Ever since 25 January 2011, Egypt has continually remained in extraordinary state of revolutionary motion, where street politics has by far overshadowed legally-bound institutional work. Of course, life has gone on — not because of some functioning institutions that enjoy legal authority, but largely thanks to the prevalence of extra-legal norms and self-regulation, as one can observe in the country’s factories, neighbourhoods, schools, courts, universities or parliament. How can one speak of normality and consensus when in the past nine months alone the country experienced 130 street demonstration and 200 other social protests (such as blocking railways) per week? In such an extraordinary revolutionary mode, when conventional institutions exhibit disarray, with little consensus on the rules of the game, politics gets done mostly in the street, outside legal institutions. It is the street and not, say, parliament that expresses and stands as a measure of the voice of the populace. On 30 June, we saw some 17 million citizens pour into the streets to depose a “failed president” — not via parliament, not “legally” but in streets through “revolutionary” action. Revolutions, after all, are illegal affairs.

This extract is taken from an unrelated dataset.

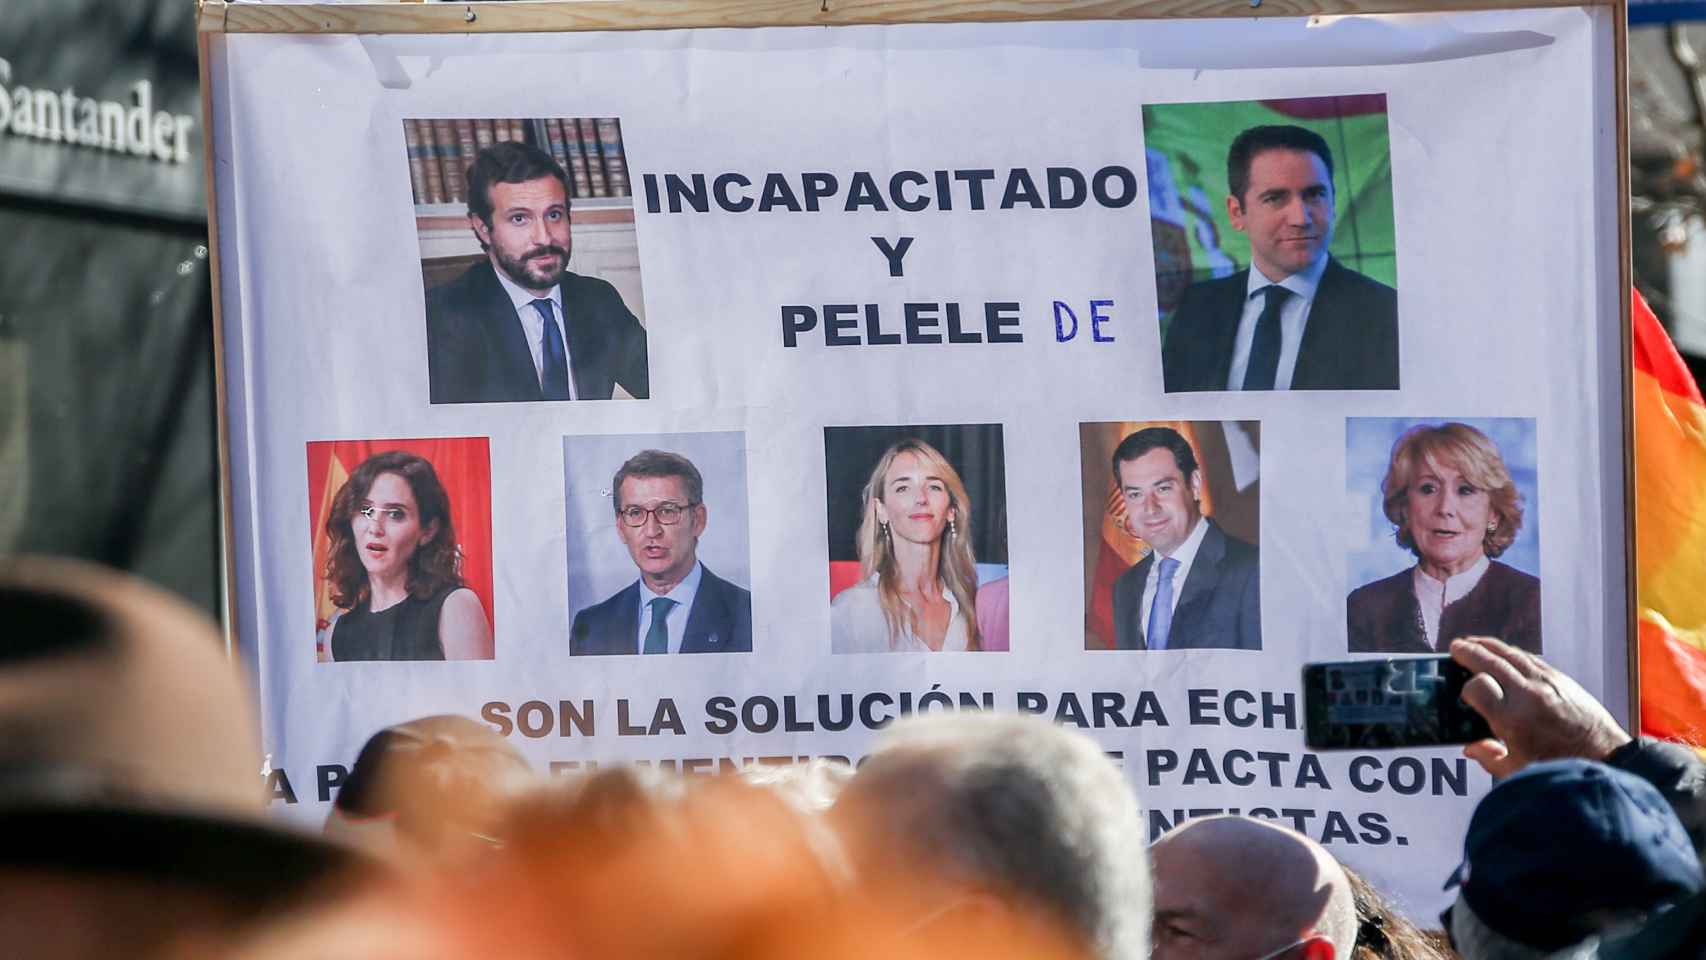 Varios manifestantes sostienen una pancarta con imágenes de miembros del PP en la concentración de apoyo a Díaz Ayuso celebrada este domingo en Génova 13.

Surely democratic practice is not limited to the ballot box, and recent times have shown how liberal “democratic” institutions in many countries, including the West, have failed to represent the true wishes of large numbers of their citizens. But this should not be a cause to over-celebrate street politics and even worse to romanticise extra-legal acts. On the contrary, these acts are precisely the inescapable corollary of exclusion from, mistrust in, and failure of institutional politics in a volatile revolutionary mode; a tendency increasingly on display in many countries that have experienced popular protests in recent years. Street politics as such is not a virtue, but a necessity. Virtue lies in building a broad consensus across diverse national constituencies in the spirit of citizenship; one that embraces political equality and social justice. Thus, such institutions as political parties, civil society, voting, parliament, and above all rule of law do matter — in fact they are the indispensable (but by no means sufficient) ingredients of building an inclusive polity in which the key objectives of the revolution (bread, freedom, justice) may be realised. To achieve this, the revolution cannot get stuck in the main streets, but will have to move beyond into the backstreets, local communities, neighbourhoods, villages, unions, schools, and households, in order to learn, educate, mobilise, and organise. These represent some of the key elements of continuing the “long revolution.”

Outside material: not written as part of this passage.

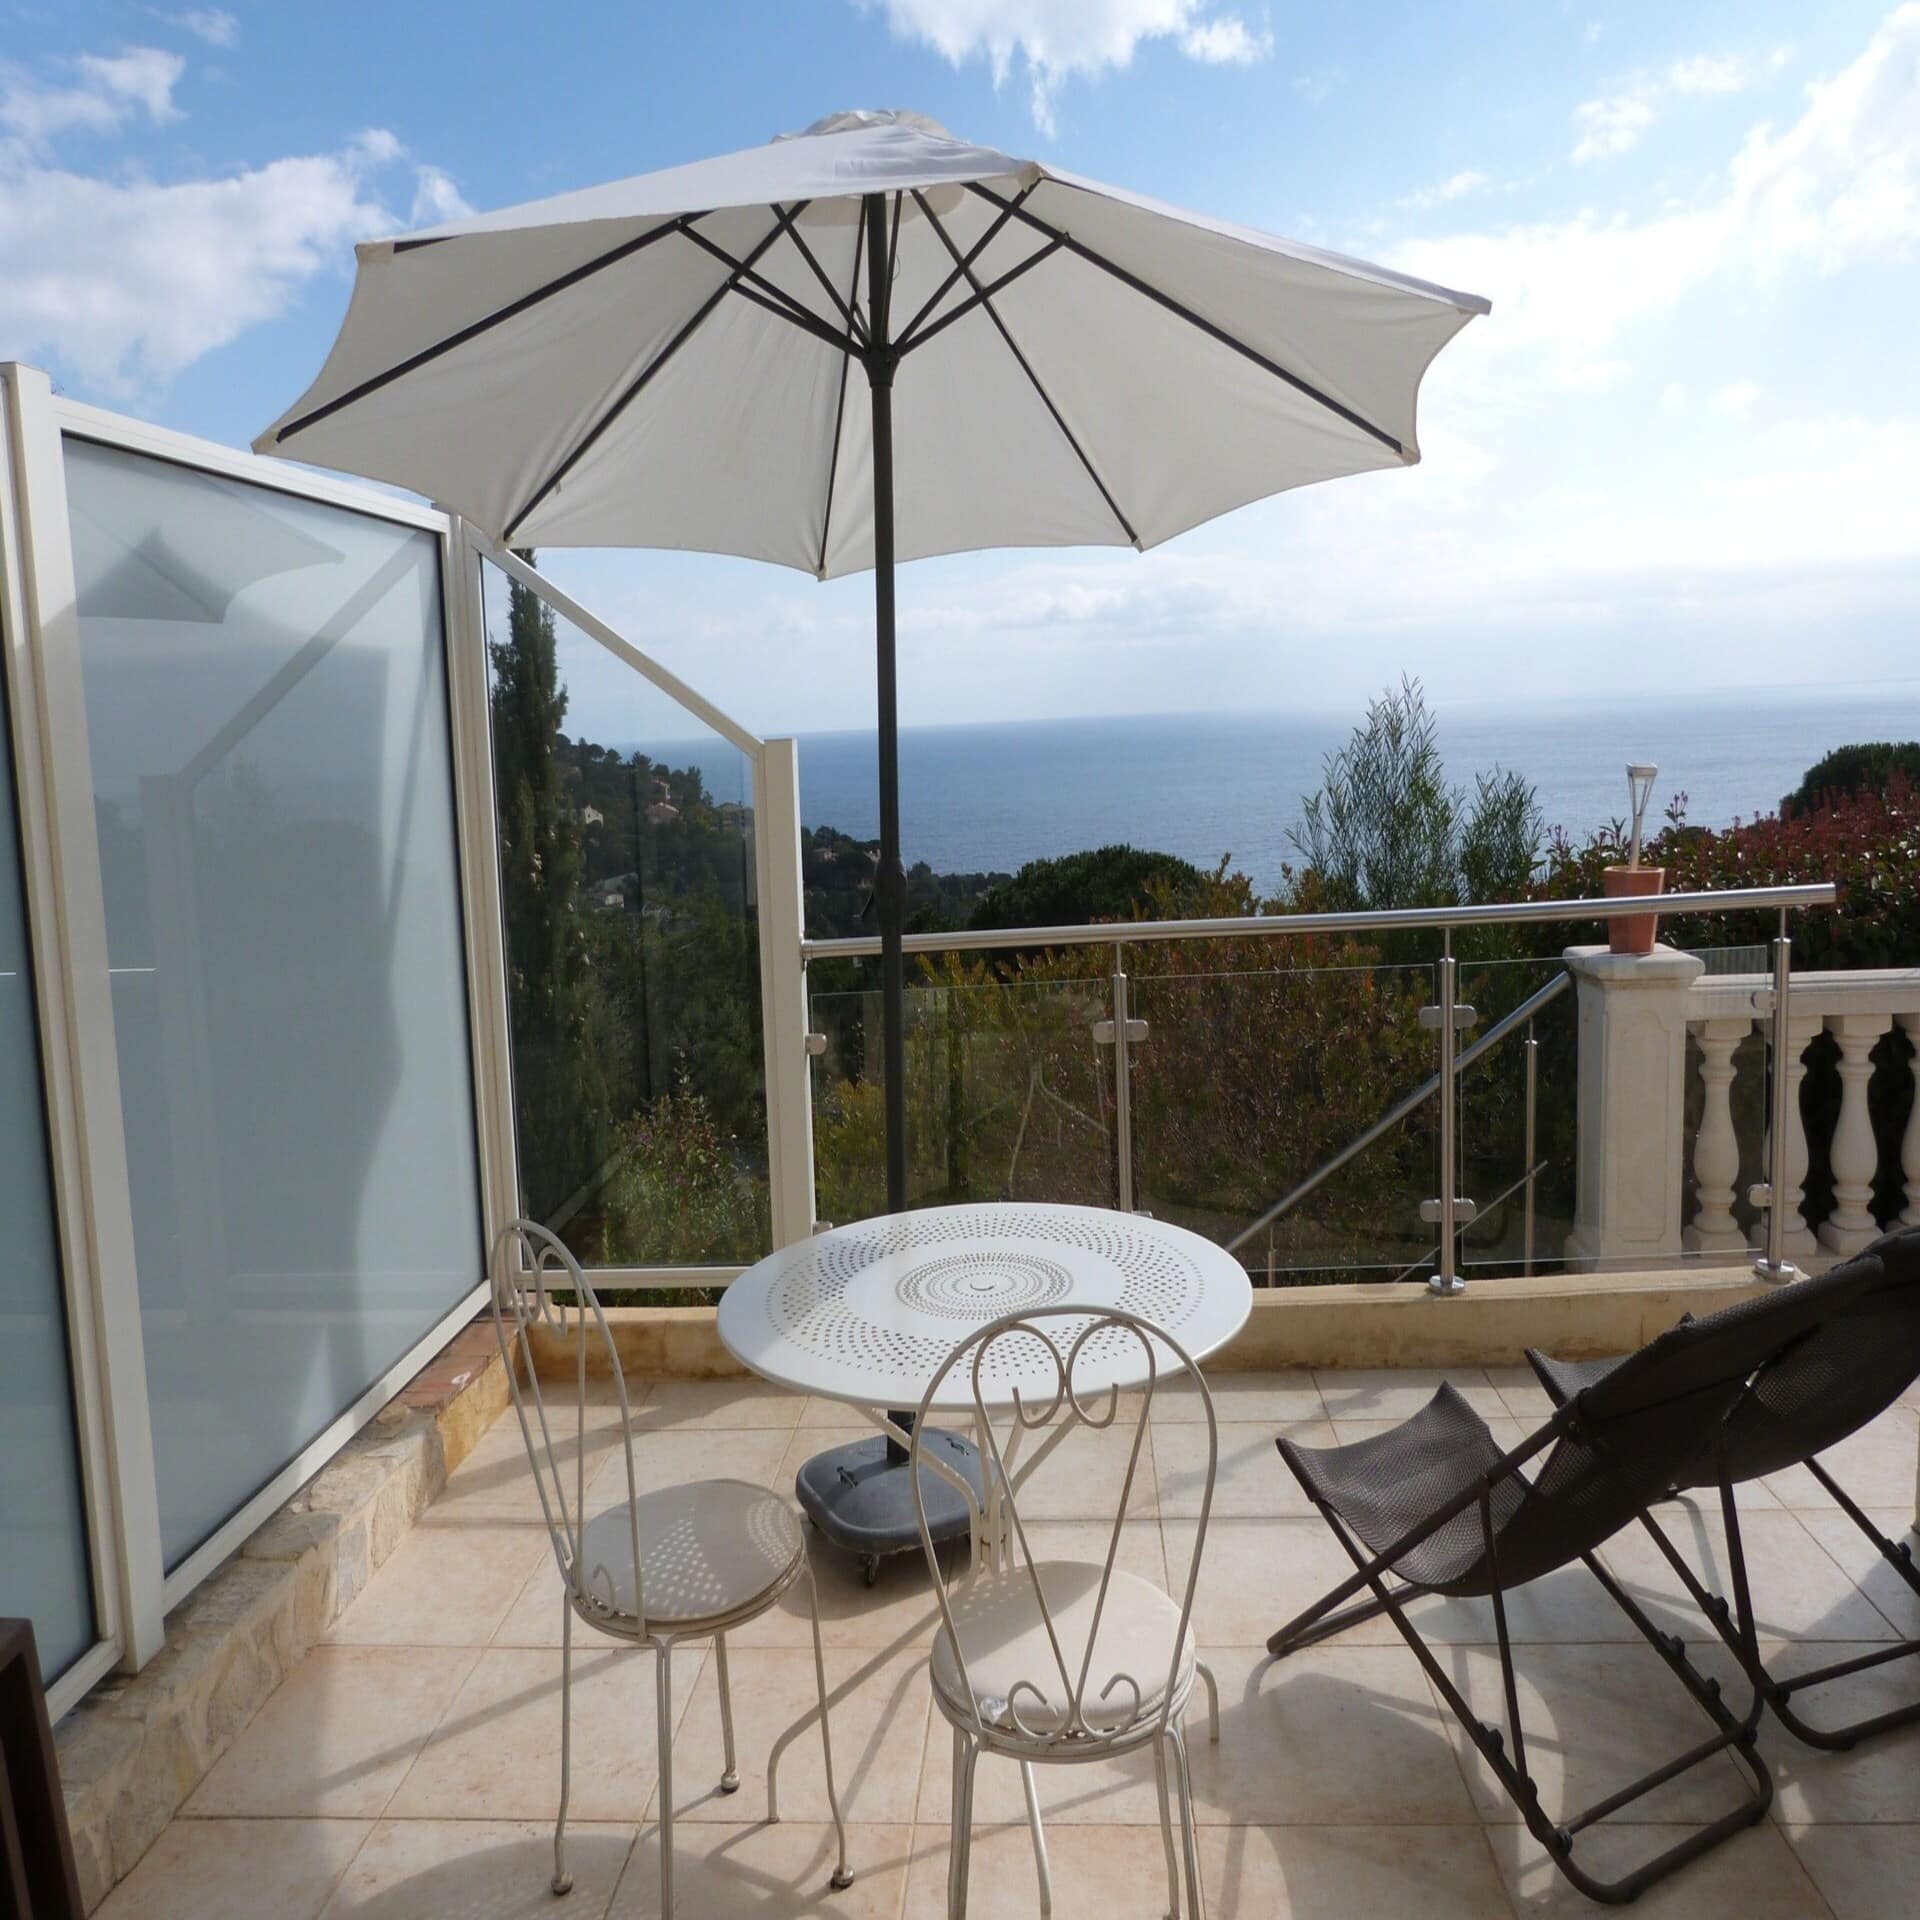 Terrasse mit Tisch, 2 Stühlen, 2 Liegestühlen und Sonnenschirm sowie Blick über Bäume auf das Mittelmeer.

For now, the mightiest institution in the nation has sided with the revolutionaries. Who doesn’t want to have the support of the military? But at what cost? How is it possible to build inclusive and functioning governance, to undo the repressive culture of the “deep state” of which the military is a part? What is the good in a midwife who may pose great danger to the baby? This is the same army against which the revolutionaries battled fiercely for months, one that brought 12,000 of them before military tribunals, and condoned notorious practices like “virginity tests.” It is an army that ultimately gets the blessing of the Pentagon, and when the push comes to shove will likely sacrifice the revolutionaries.

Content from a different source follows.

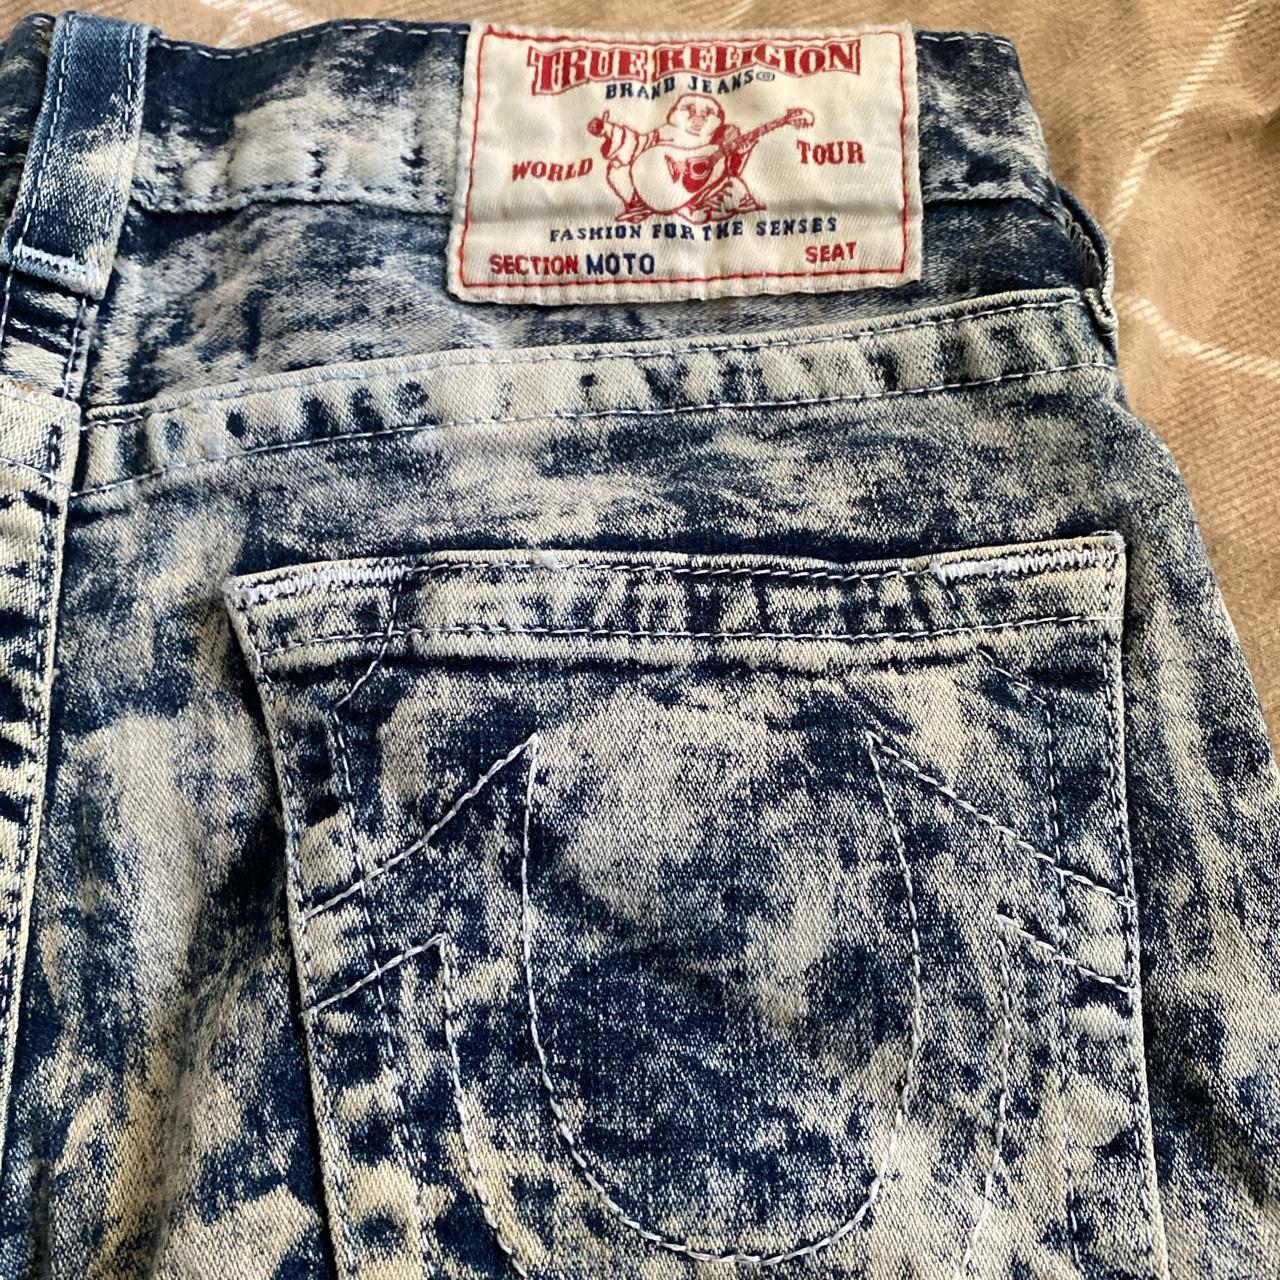 Skinny true religion jeans, I outgrew them a while... - Depop

The question then is how to manage relations with the army: how much control can the revolutionaries exert on this entity; to what extent they can resist getting pushed around? Will they stand up to the military and police to limit their repressive practices, to protect and defend the rights of their odeological opponents against witch-hunts, to assert the will of millions who created the wonder of 30 June? The good news is that Egyptians have proven again that they possess an extraordinary spirit and drive, rarely seen elsewhere. They have mastered the art of being ungovernable. This is a formidable power in bad times.

The writer is an Iranian scholar and professor of sociology at the University of Illinois.